[[ RAW DATA open ]]
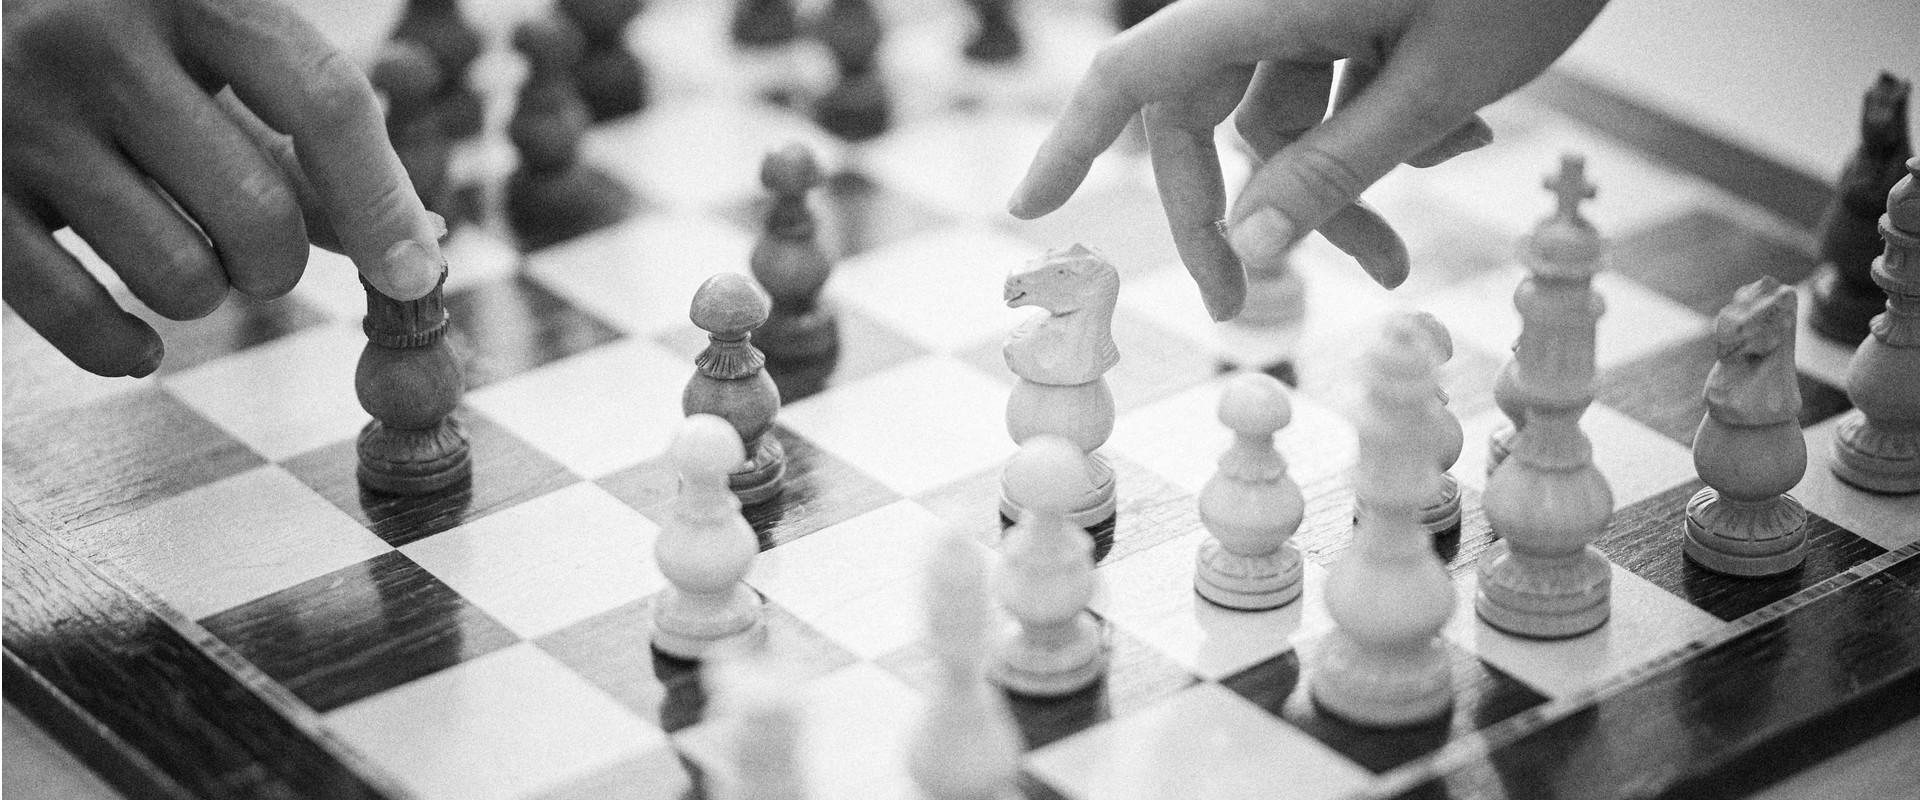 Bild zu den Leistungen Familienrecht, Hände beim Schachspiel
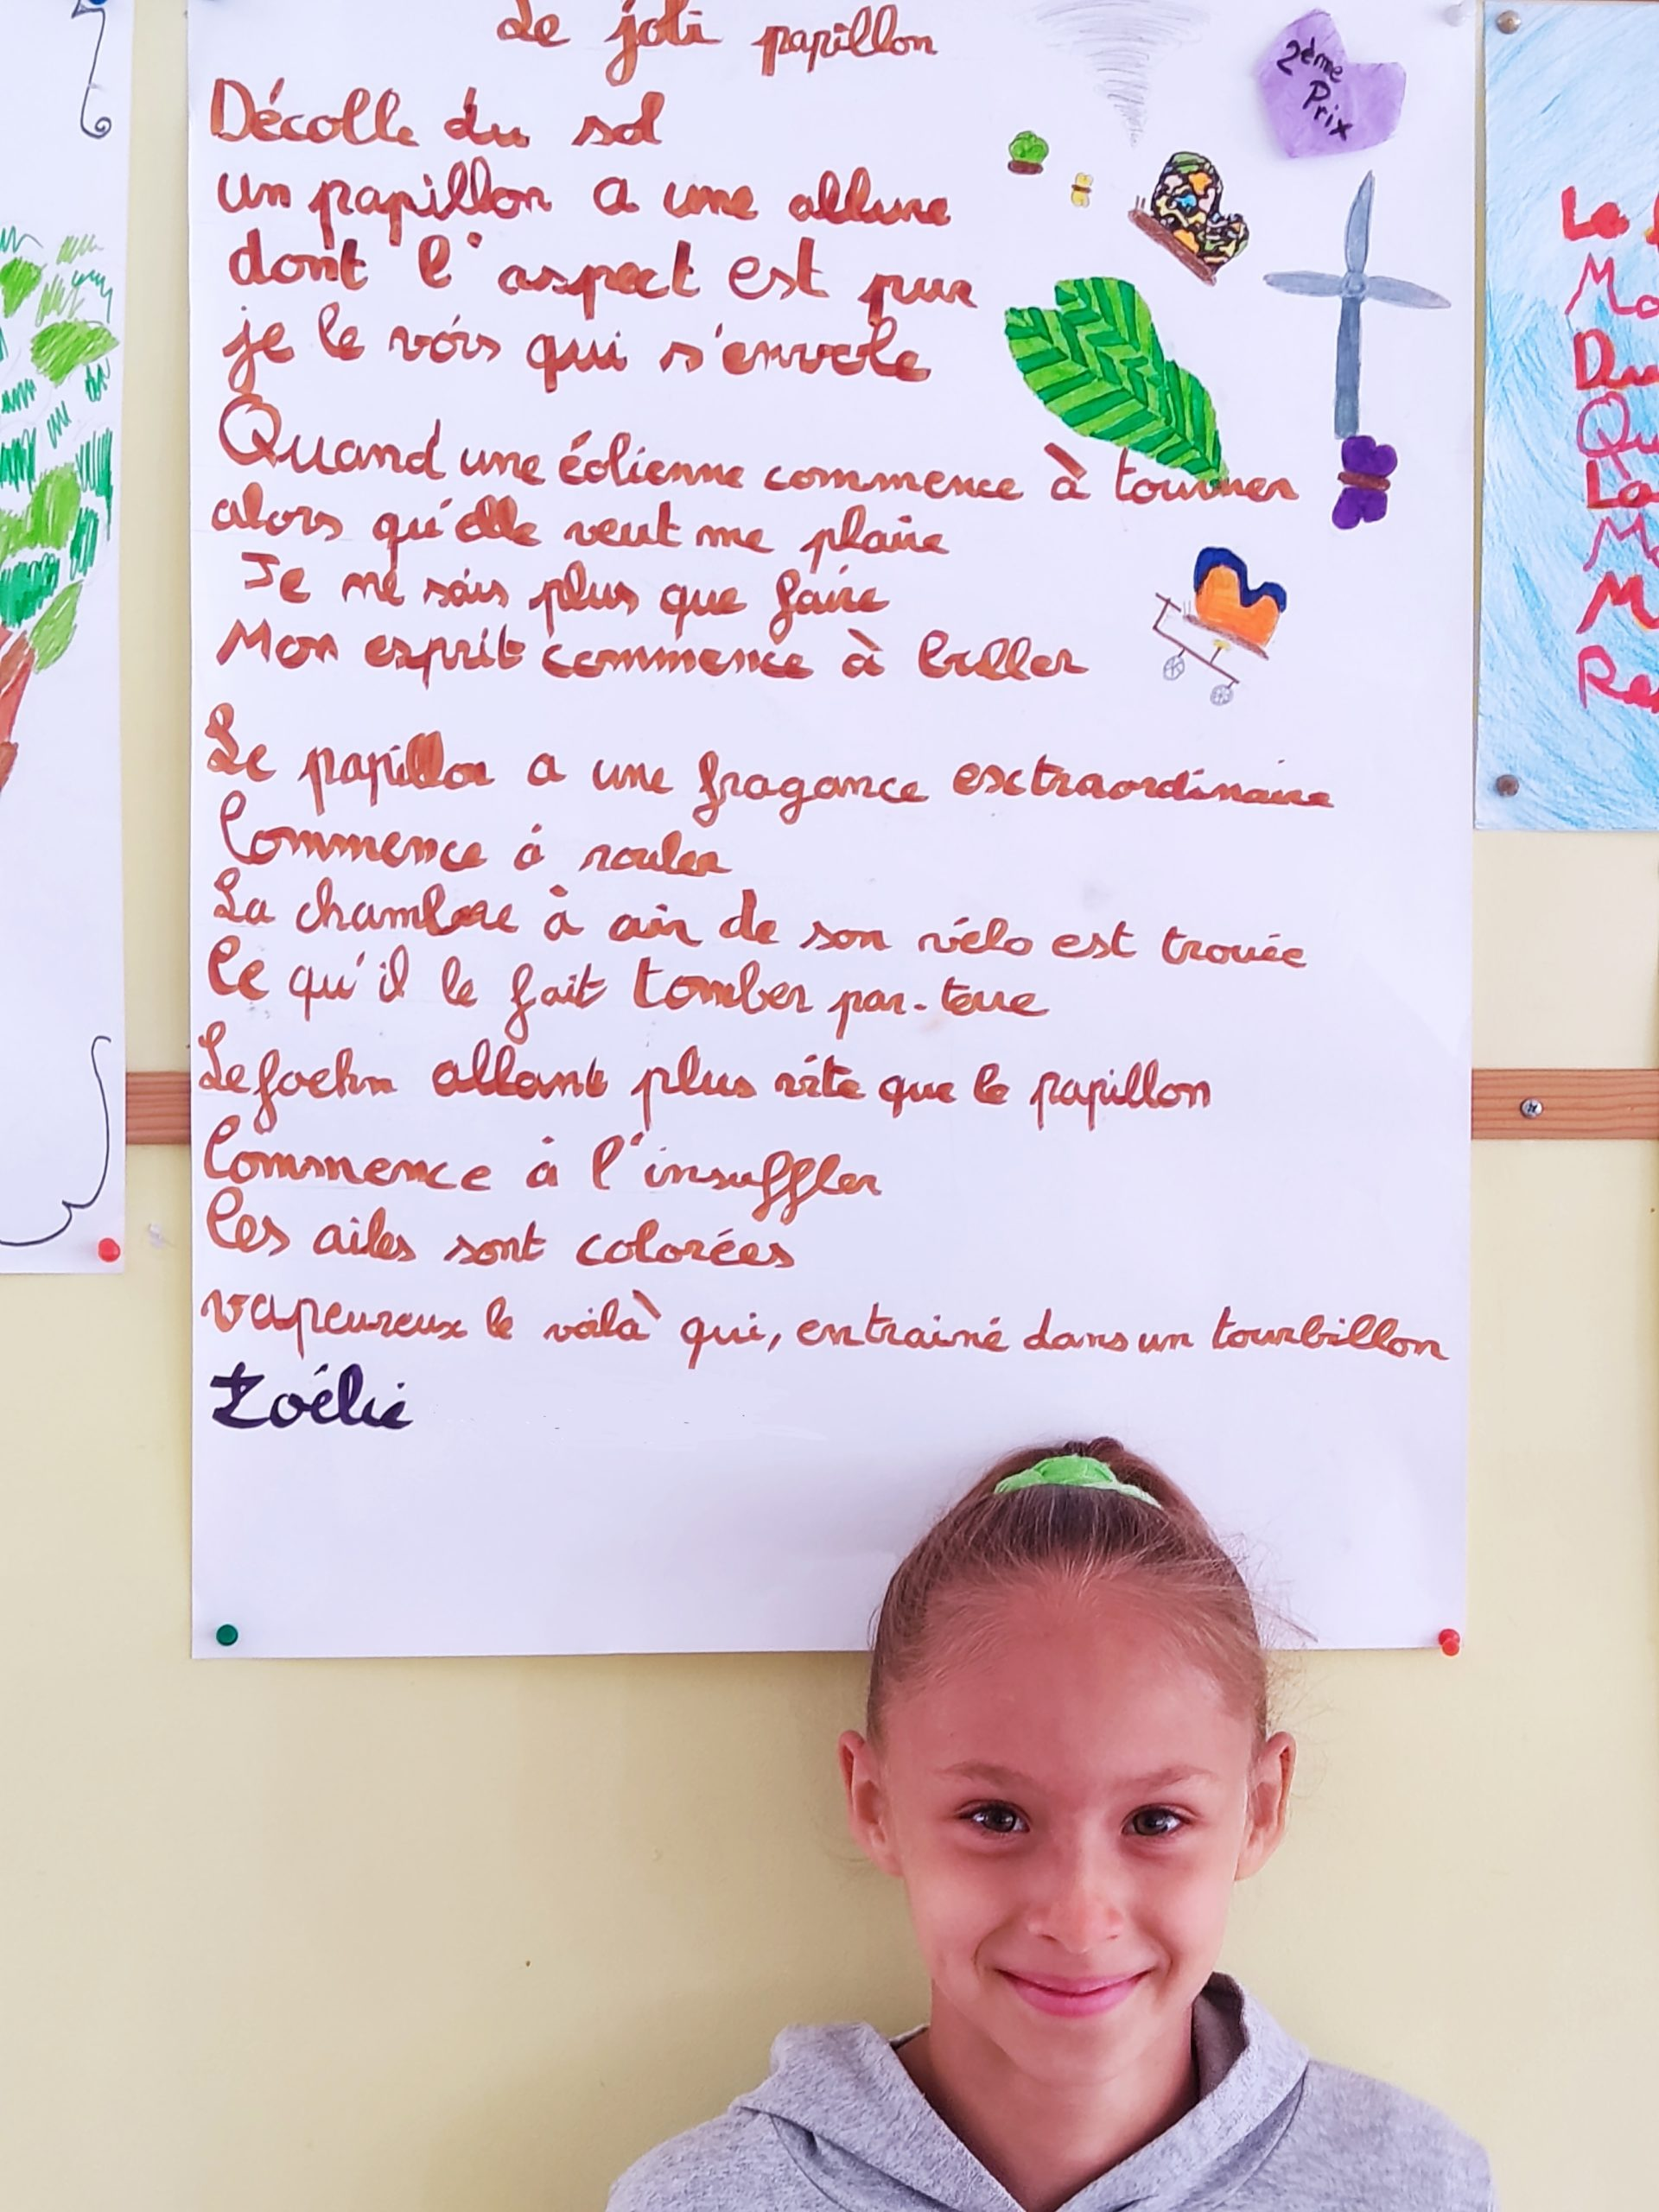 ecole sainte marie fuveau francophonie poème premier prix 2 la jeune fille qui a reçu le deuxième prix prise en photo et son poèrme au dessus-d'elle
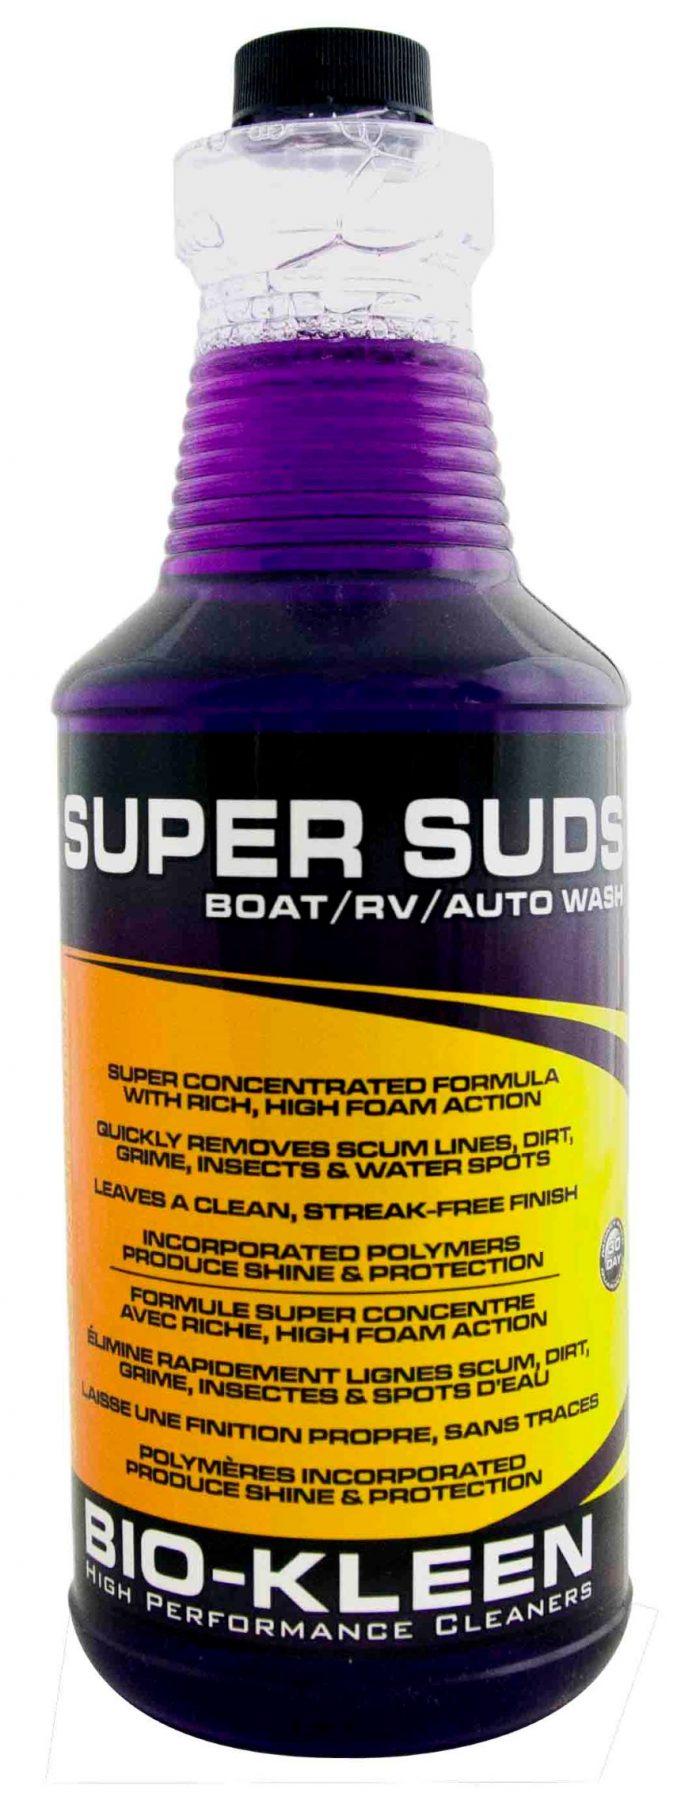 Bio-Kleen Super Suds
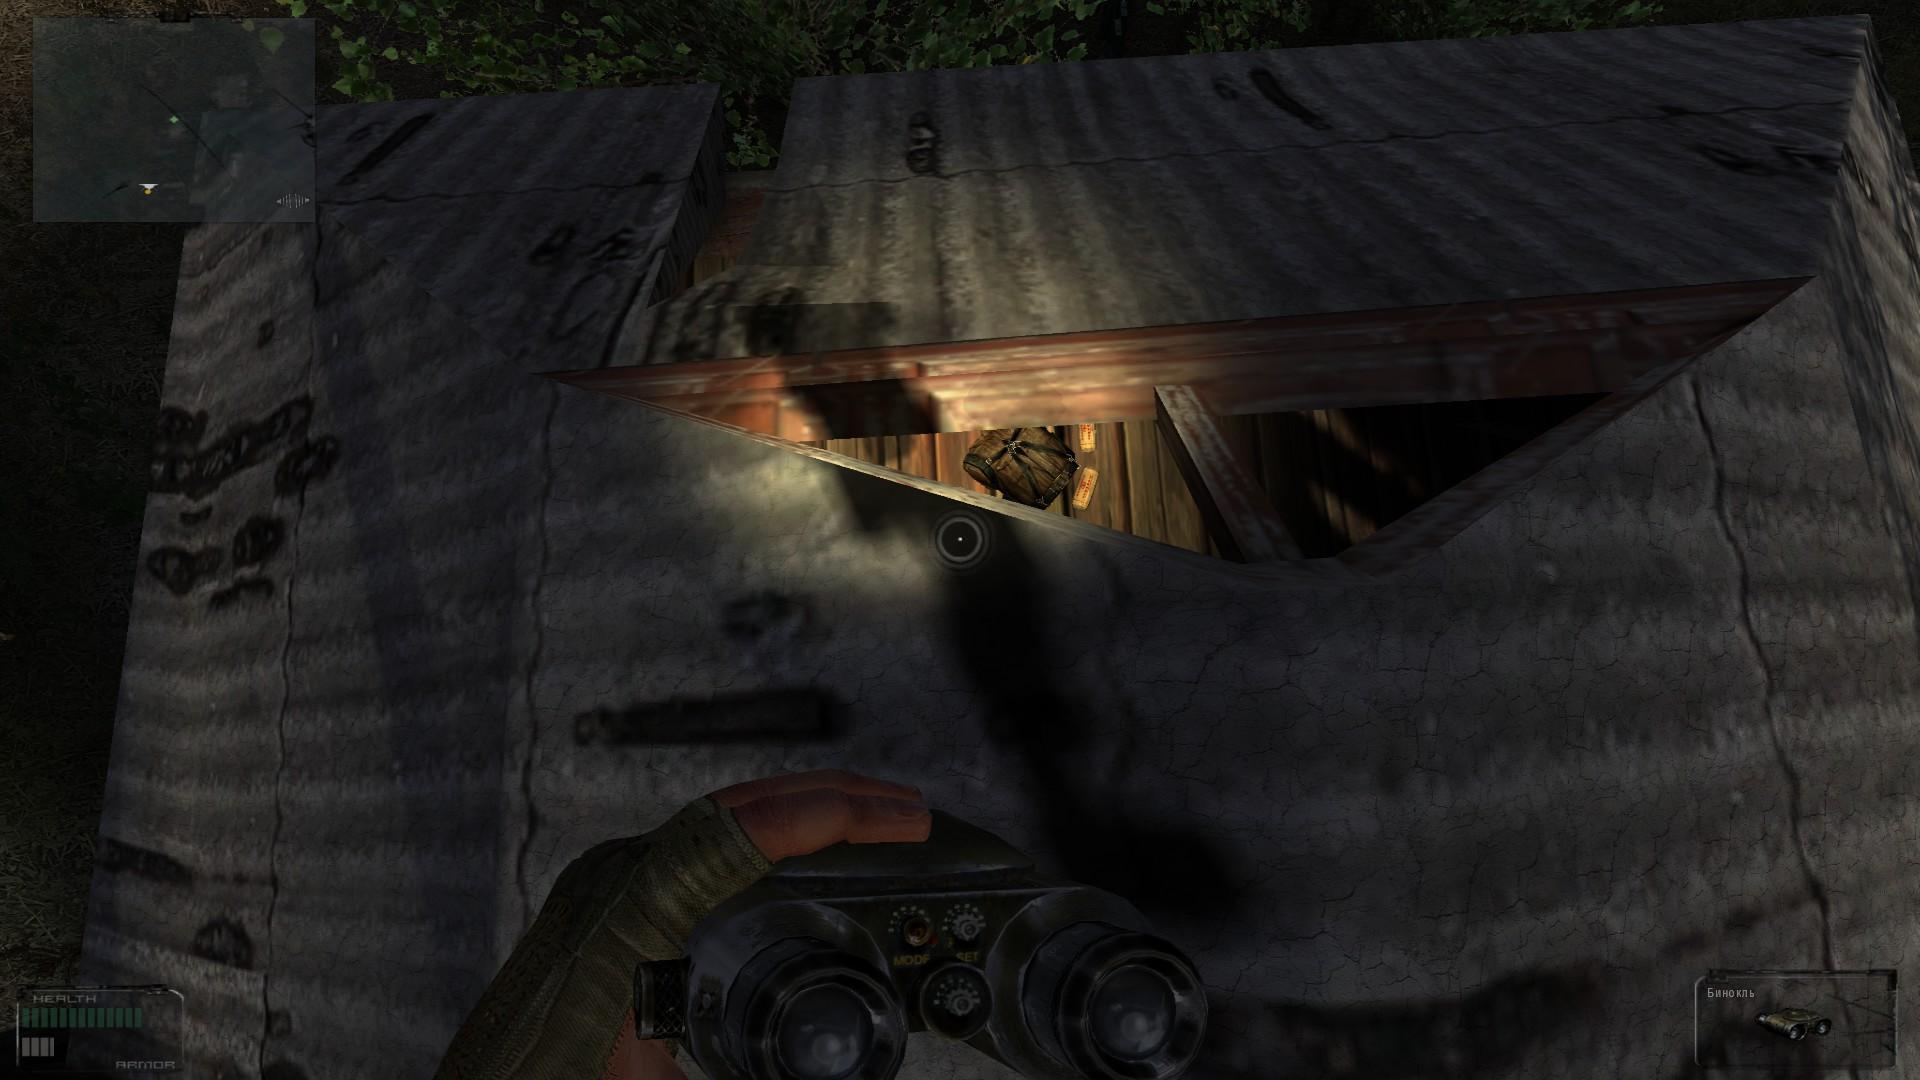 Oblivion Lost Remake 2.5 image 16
[[ RAW DATA closed ]]
▸ AIM OF THE EXERCISE
Leave out the pictures and print every line of the data exactly.

▸ YOUR RESPONSE
 Bild zu den Leistungen Familienrecht, Hände beim Schachspiel
 ecole sainte marie fuveau francophonie poème premier prix 2 la jeune fille qui a reçu le deuxième prix prise en photo et son poèrme au dessus-d'elle
 Bio-Kleen Super Suds
 Oblivion Lost Remake 2.5 image 16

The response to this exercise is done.